Instructions for the task:
Within the records below, find the line with "A historic meeting" and the line with "14 Karat yellow", then reproduce exactly those two lines and all lines between them, without any picture.

Supplied records:
[Start of Attachment]
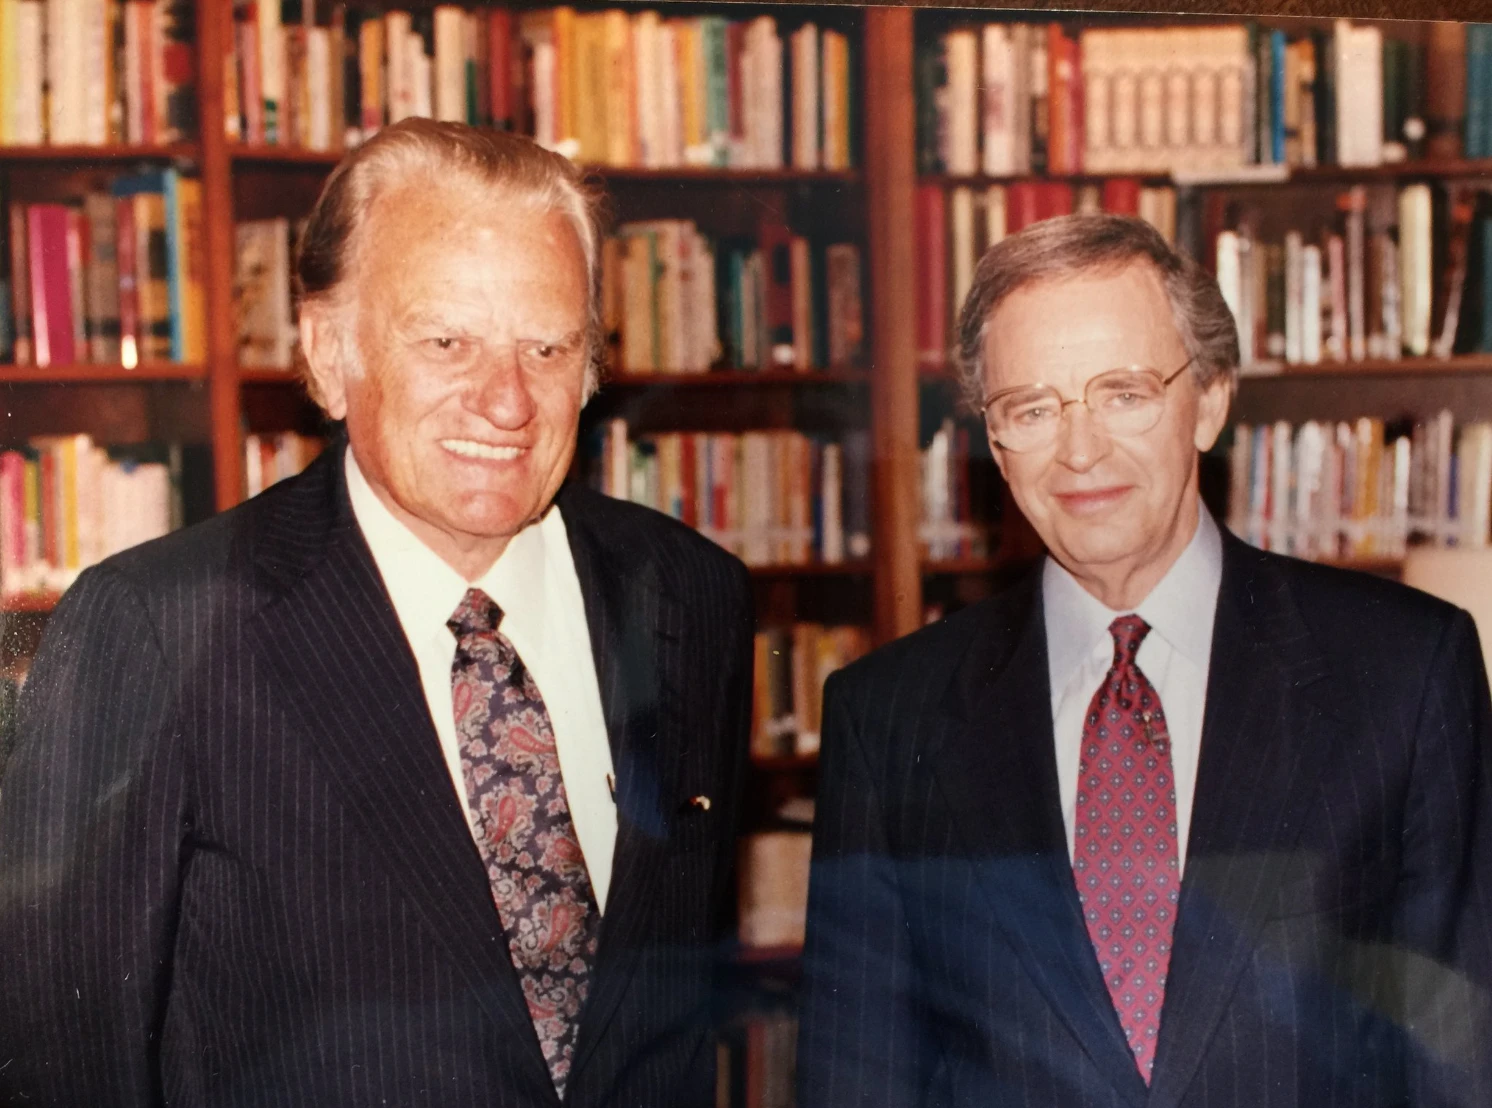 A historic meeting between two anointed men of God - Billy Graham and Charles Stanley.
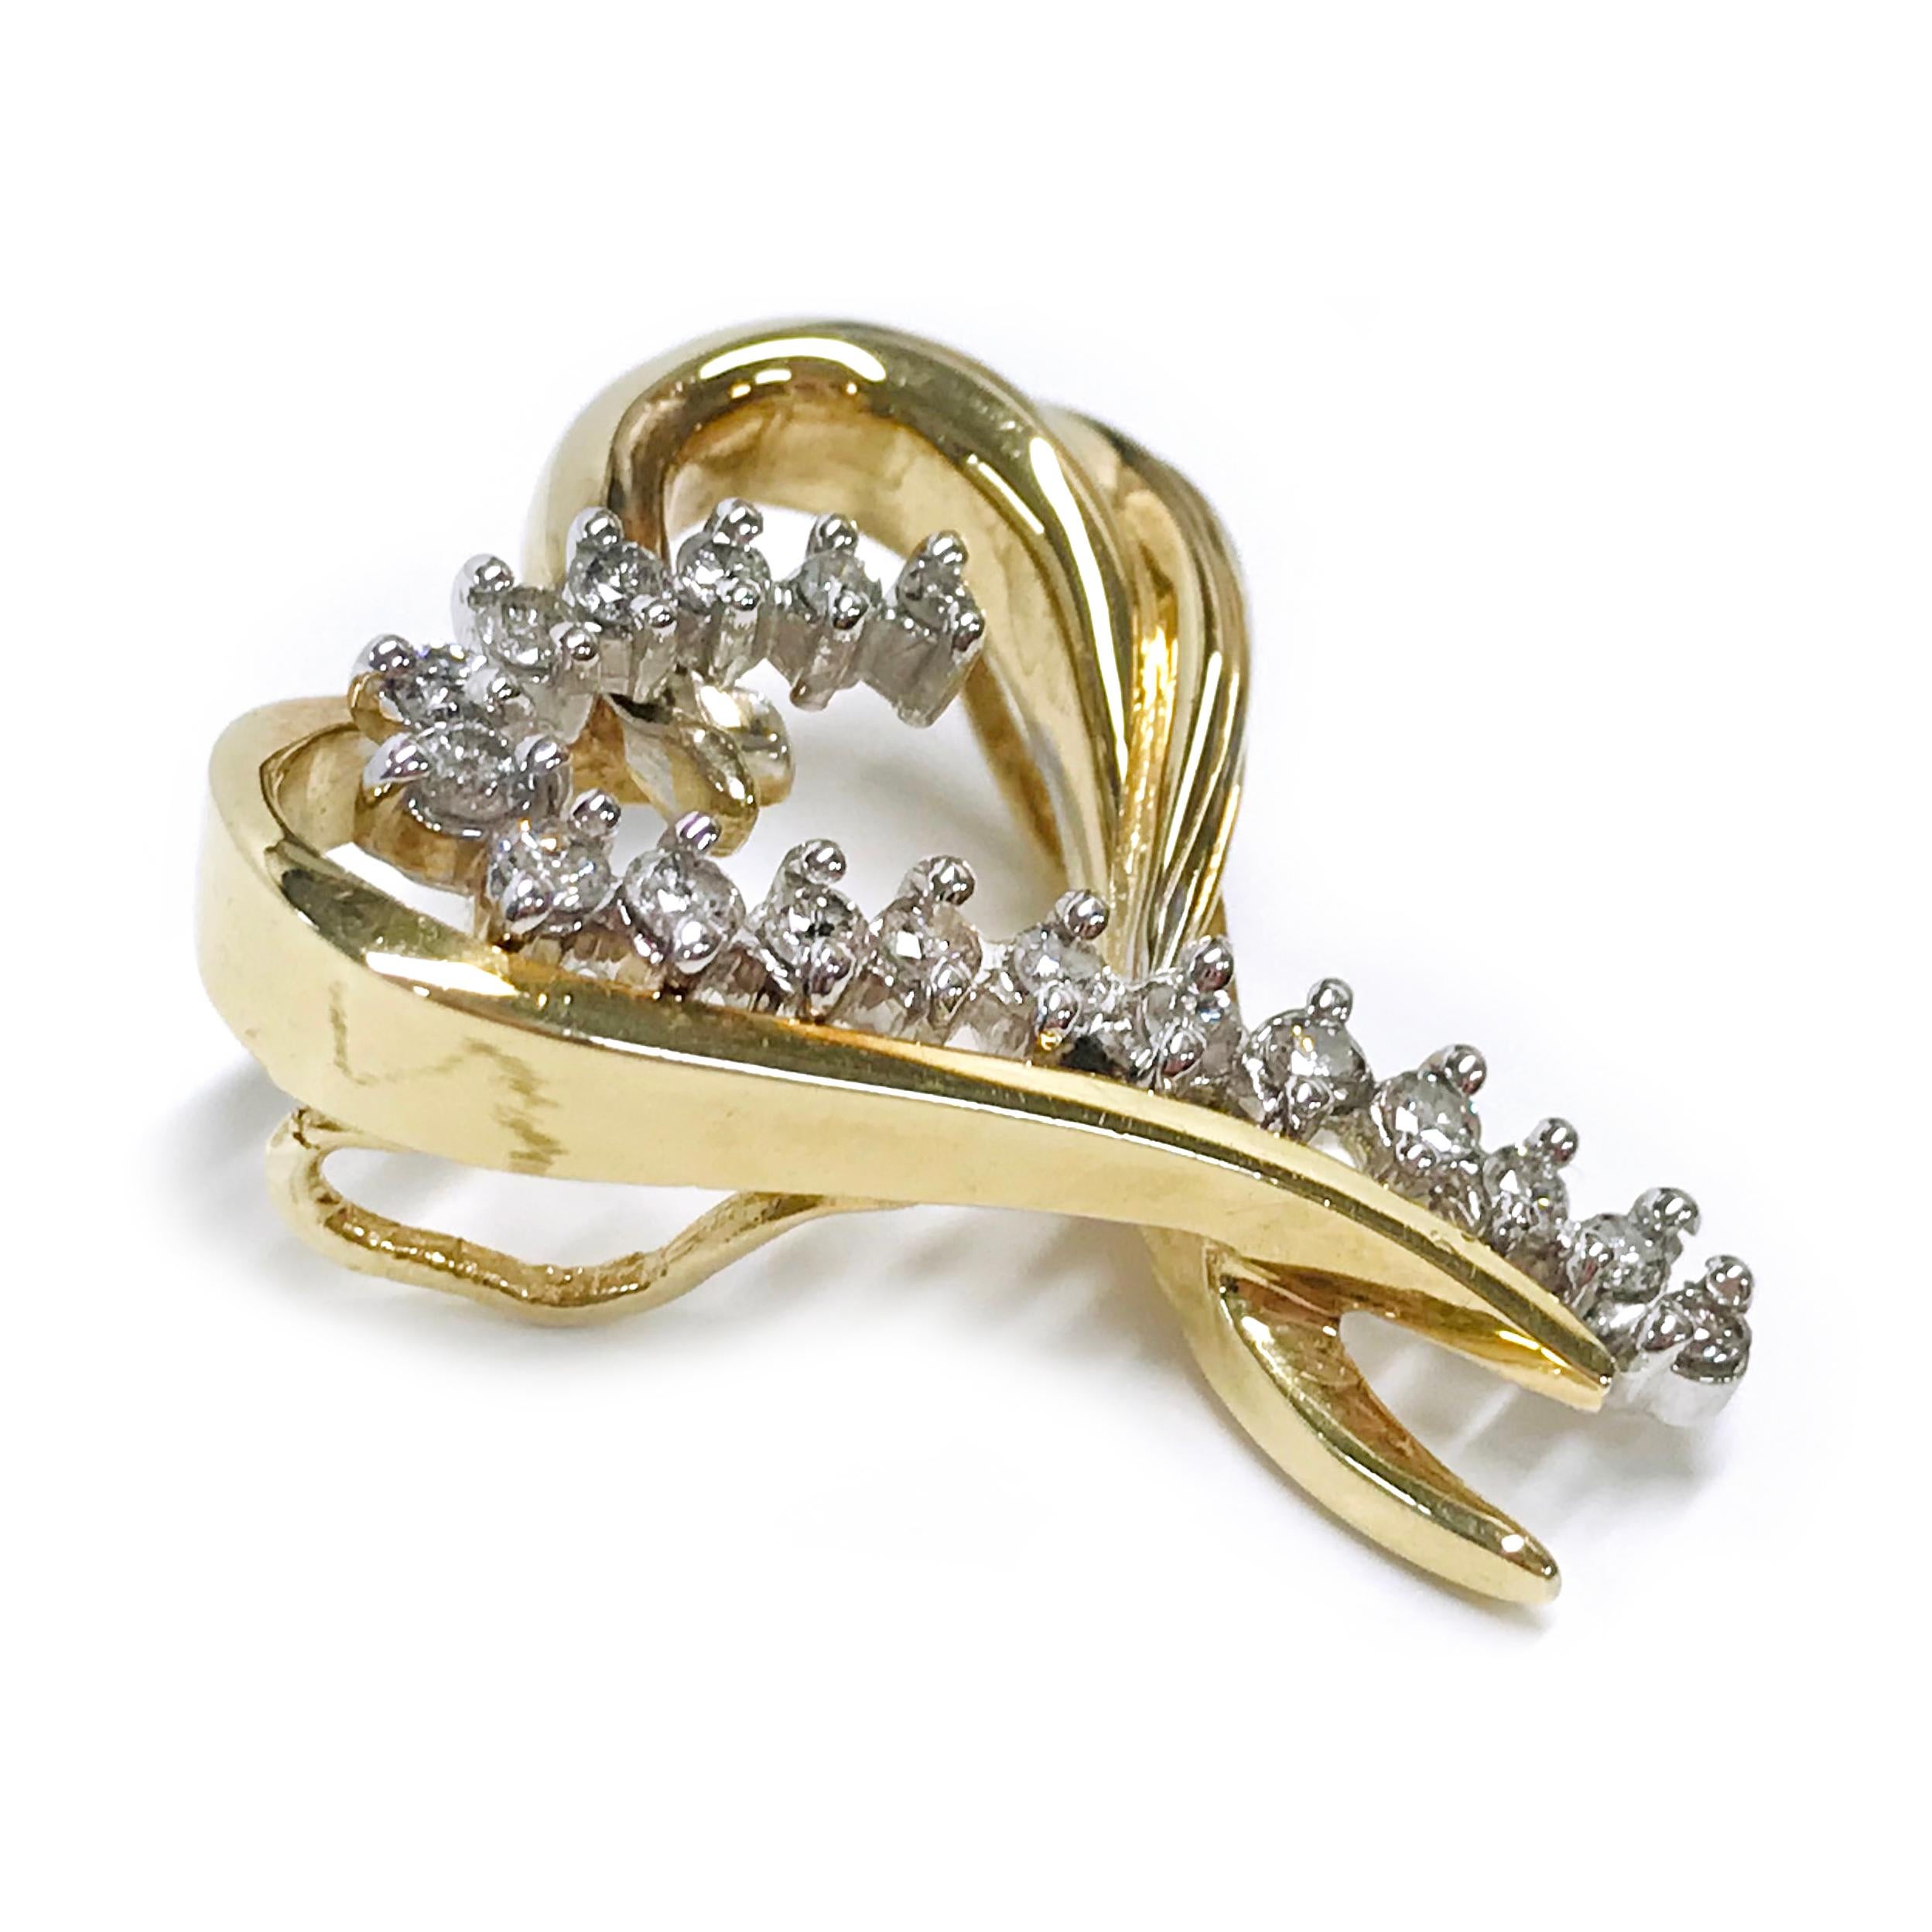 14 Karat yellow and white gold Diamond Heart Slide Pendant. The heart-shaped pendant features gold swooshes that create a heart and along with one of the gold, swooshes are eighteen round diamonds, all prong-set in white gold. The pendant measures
[End of Attachment]
[Start of Attachment]
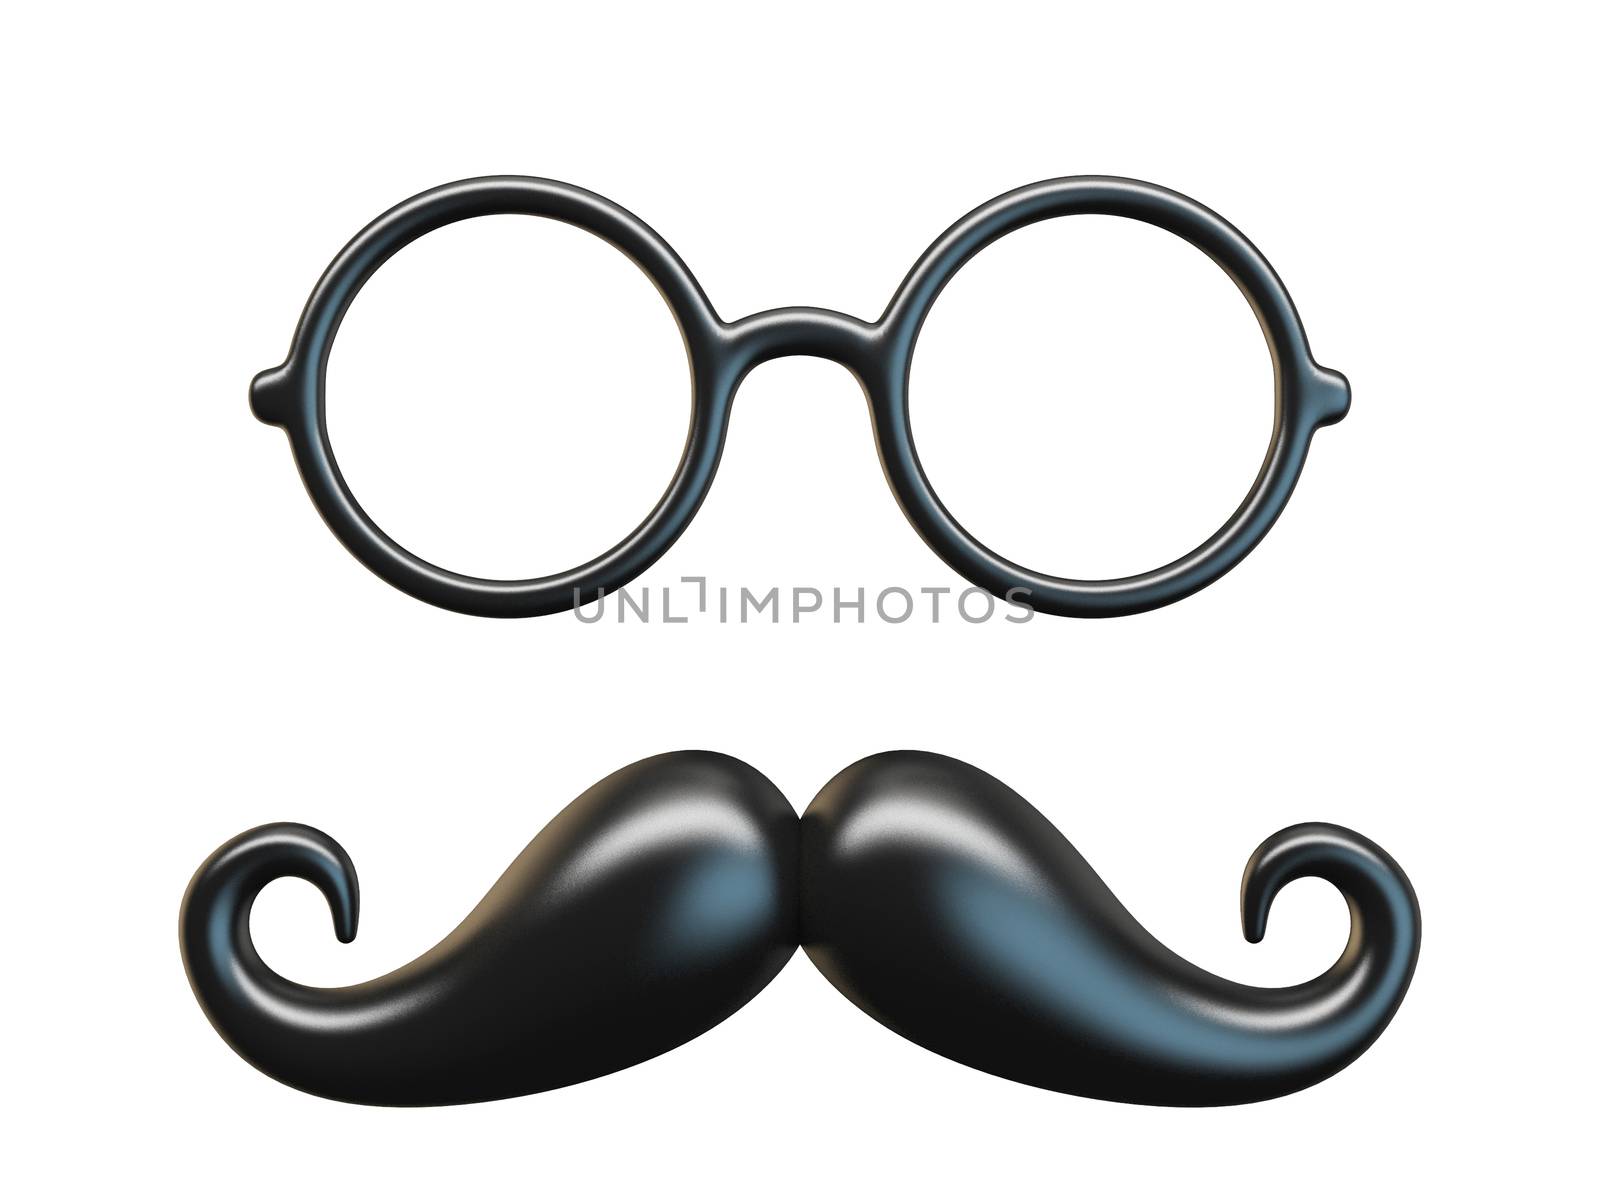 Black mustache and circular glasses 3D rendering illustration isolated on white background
[End of Attachment]
[Start of Attachment]
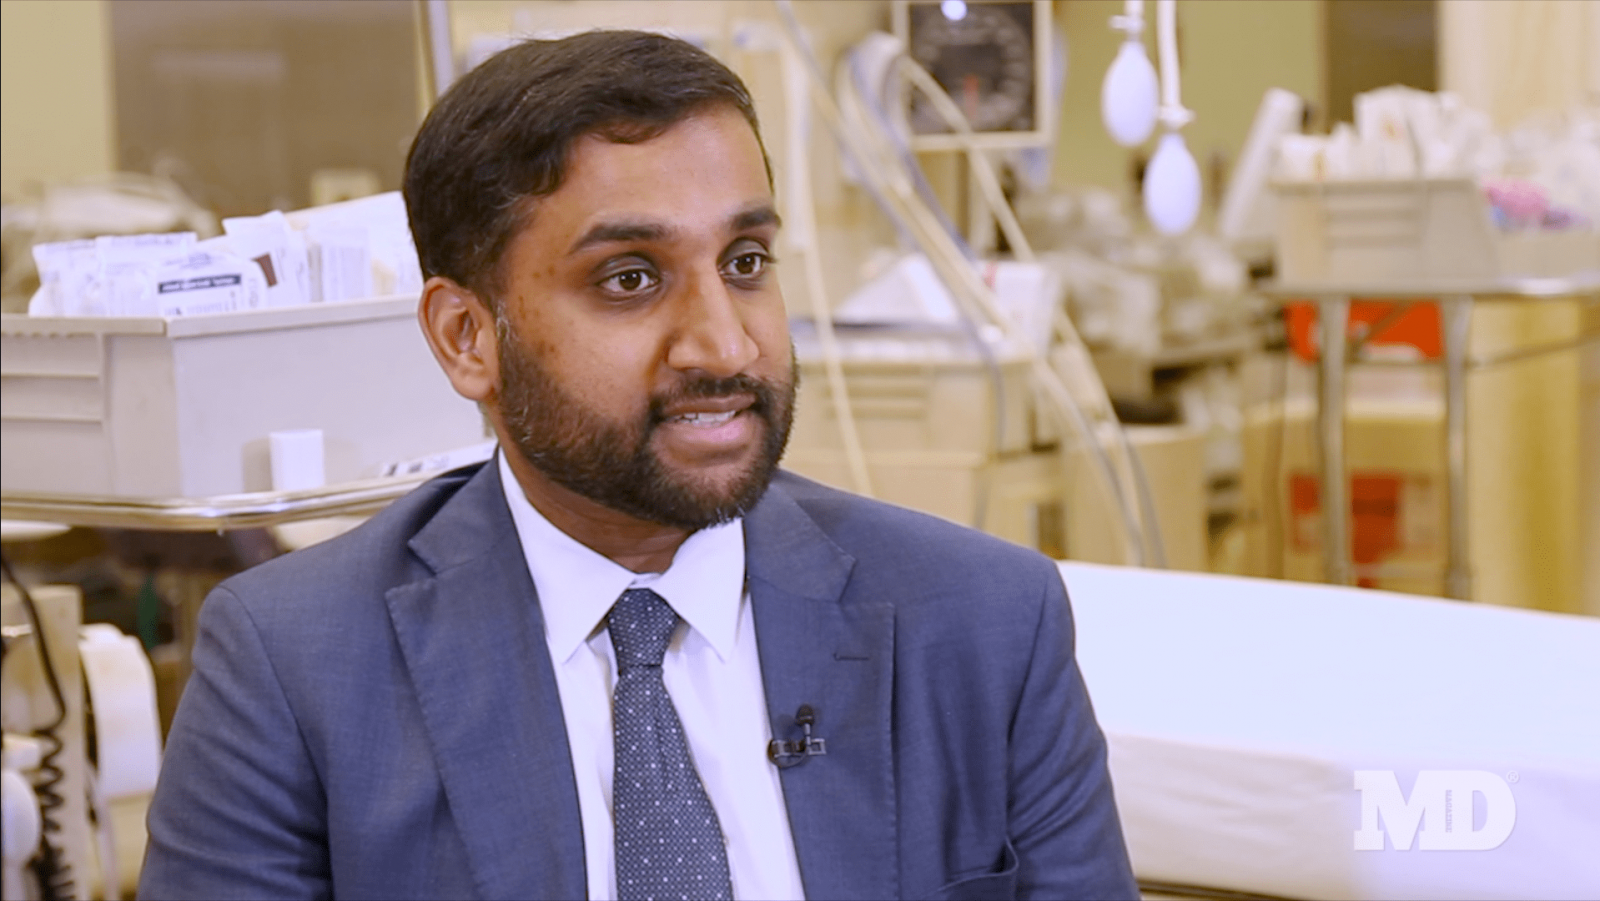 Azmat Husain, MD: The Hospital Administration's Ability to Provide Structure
[End of Attachment]
Result of this task:
 A historic meeting between two anointed men of God - Billy Graham and Charles Stanley.
 14 Karat yellow and white gold Diamond Heart Slide Pendant. The heart-shaped pendant features gold swooshes that create a heart and along with one of the gold, swooshes are eighteen round diamonds, all prong-set in white gold. The pendant measures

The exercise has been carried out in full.